Available protein structures:
- PDB: IPR011614 PF00199 (ECOD; PDBsum)
- AlphaFold: IPR011614; PF00199;

= Catalase =

Enzyme decomposing hydrogen peroxide

Catalase is a common enzyme found in nearly all living organisms exposed to oxygen (such as bacteria, plants, and animals) which catalyzes the decomposition of hydrogen peroxide to water and oxygen. It is a very important enzyme in protecting the cell from oxidative damage by reactive oxygen species (ROS). Catalase has one of the highest turnover numbers of all enzymes; one catalase molecule can convert millions of hydrogen peroxide molecules to water and oxygen each second.
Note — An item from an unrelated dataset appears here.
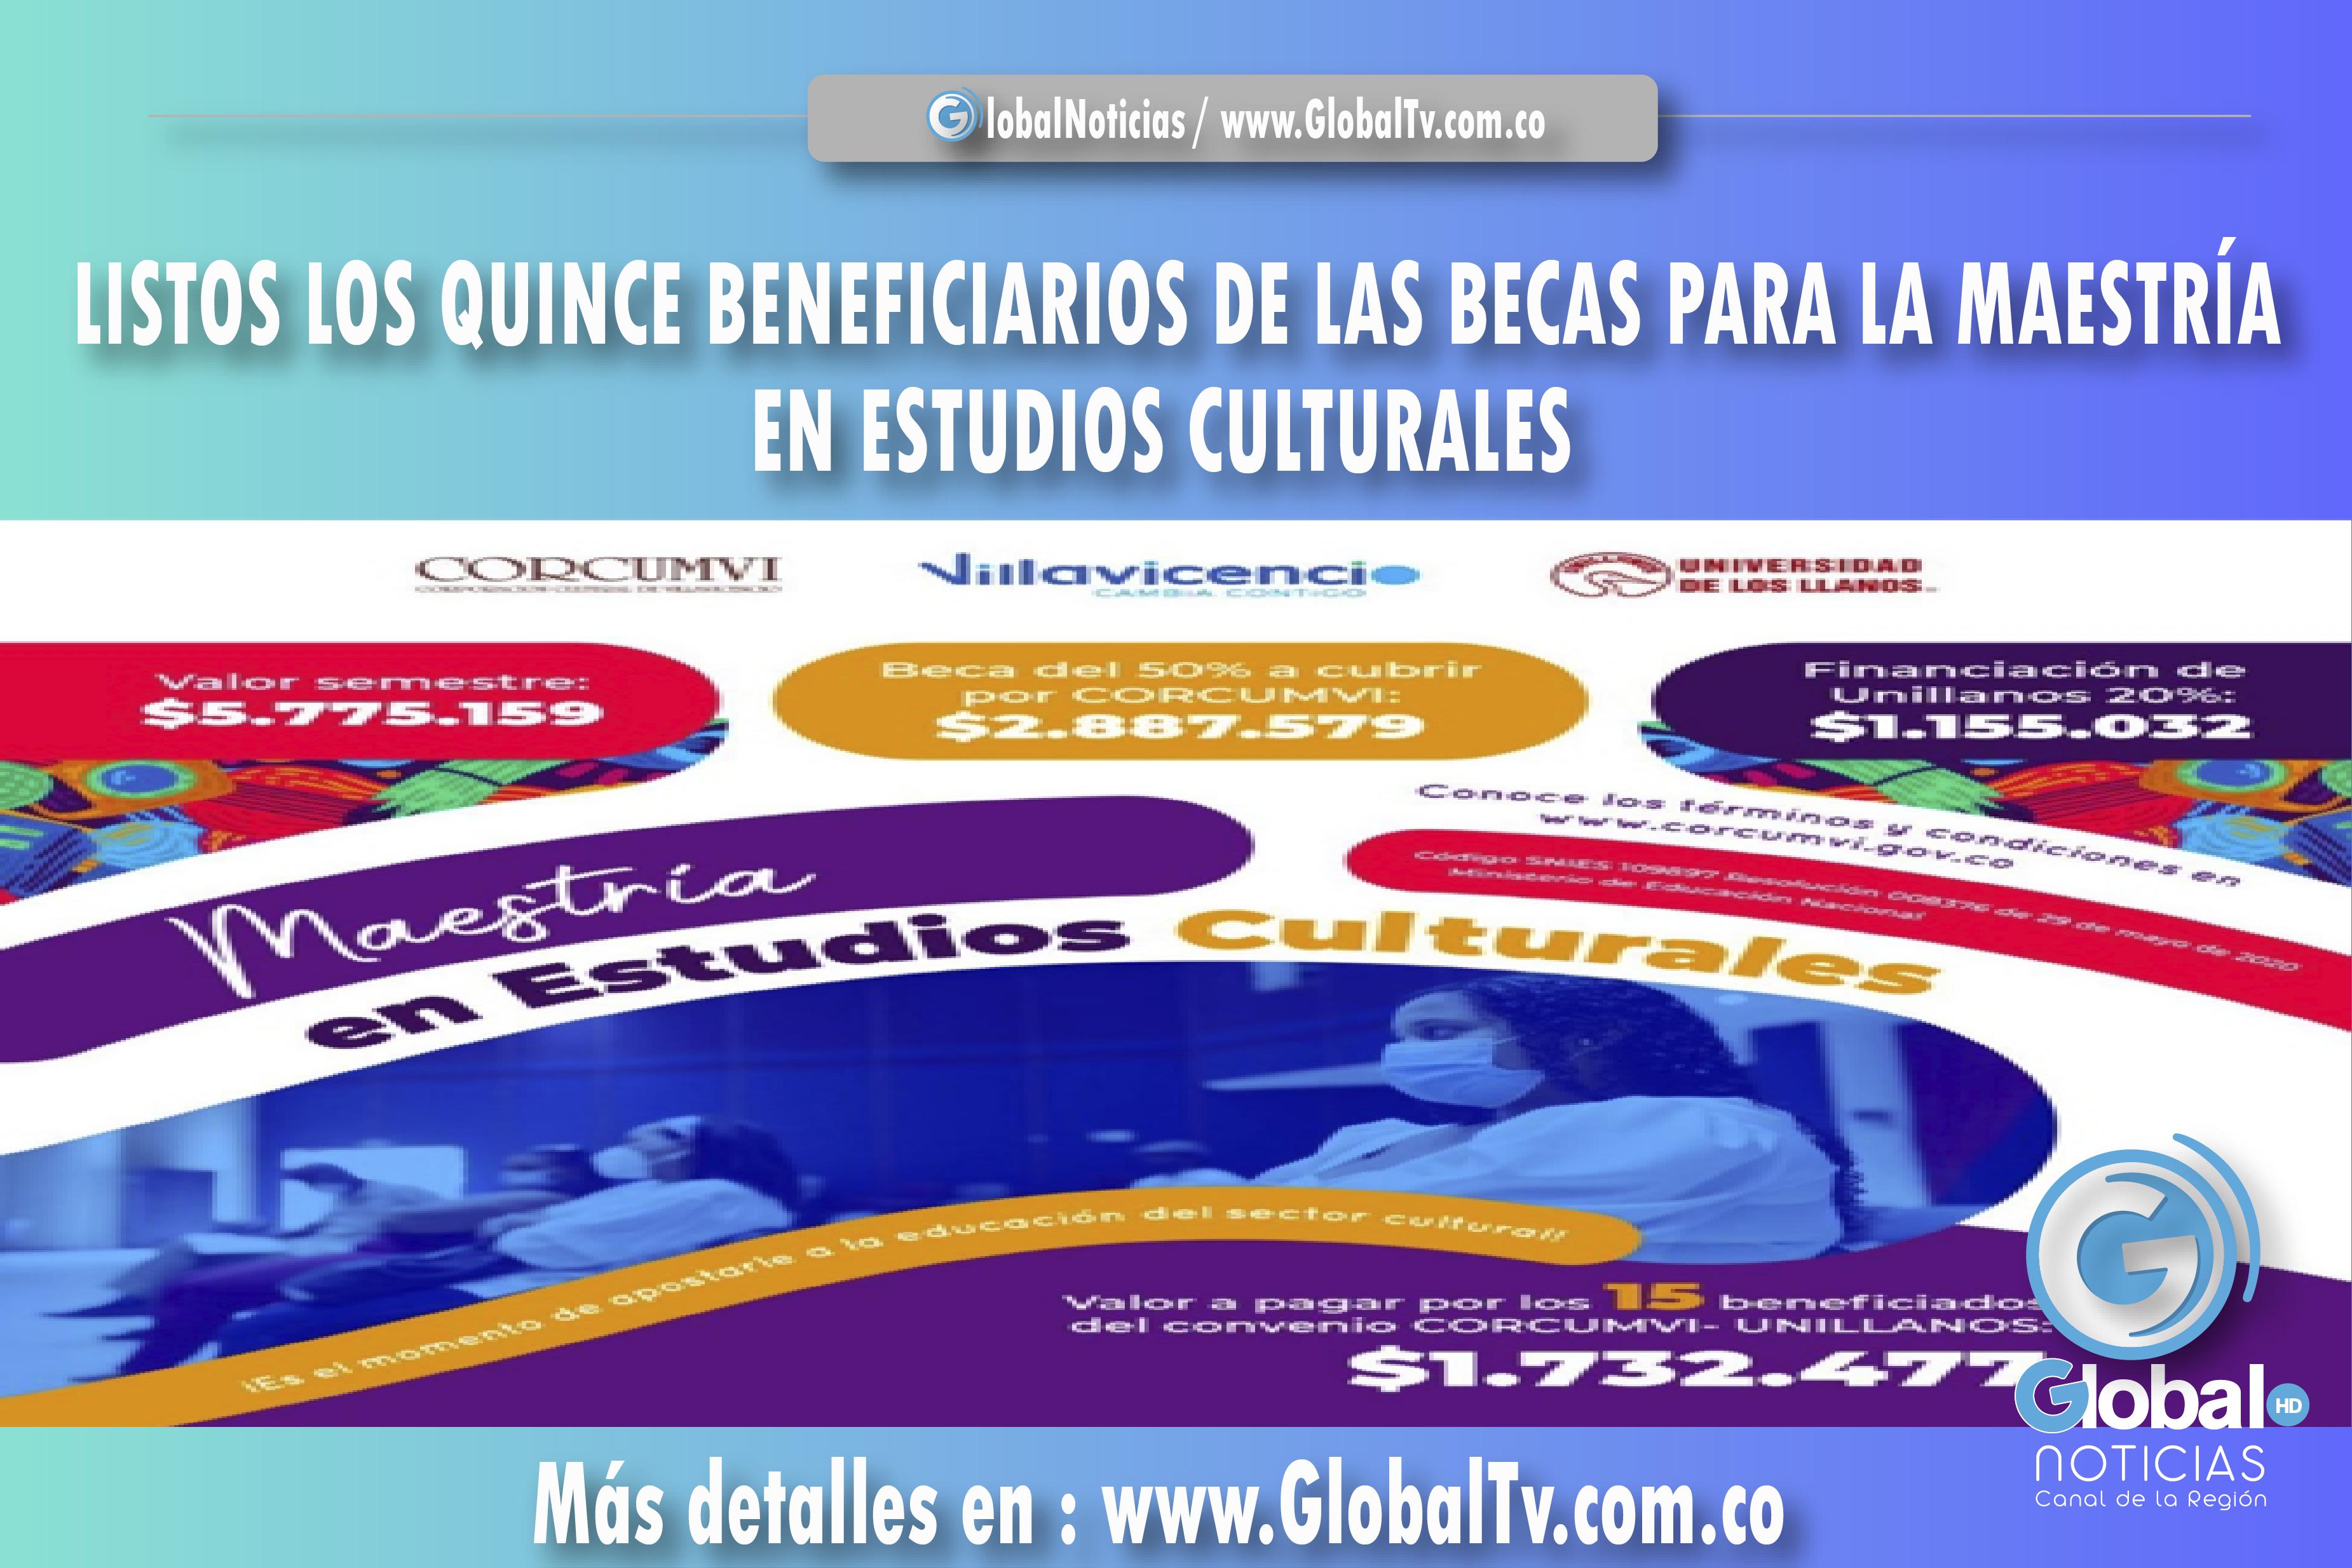 LISTOS LOS QUINCE BENEFICIARIOS DE LAS BECAS PARA LA MAESTRÍA EN ESTUDIOS CULTURALES

Catalase is a tetramer of four polypeptide chains, each over 500 amino acids long. It contains four iron-containing heme groups that allow the enzyme to react with hydrogen peroxide. The optimum pH for human catalase is approximately 7, and has a fairly broad maximum: the rate of reaction does not change appreciably between pH 6.8 and 7.5. The pH optimum for other catalases varies between 4 and 11 depending on the species. The optimum temperature also varies by species.

== Structure ==
Human catalase forms a tetramer composed of four subunits, each of which can be conceptually divided into four domains. The extensive core of each subunit is generated by an eight-stranded antiparallel β-barrel (β1-8), with nearest neighbor connectivity capped by β-barrel loops on one side and α9 loops on the other. A helical domain at one face of the β-barrel is composed of four C-terminal helices (α16, α17, α18, and α19) and four helices derived from residues between β4 and β5 (α4, α5, α6, and α7). Alternative splicing may result in different protein variants.

== History ==
Catalase was first noticed in 1818 by Louis Jacques Thénard, who discovered hydrogen peroxide (H_{2}O_{2}). Thénard suggested its breakdown was caused by an unknown substance. In 1900, Oscar Loew was the first to give it the name catalase, and found it in many plants and animals. In 1937 catalase from beef liver was crystallized by James B. Sumner and Alexander Dounce and the molecular weight was measured in 1938.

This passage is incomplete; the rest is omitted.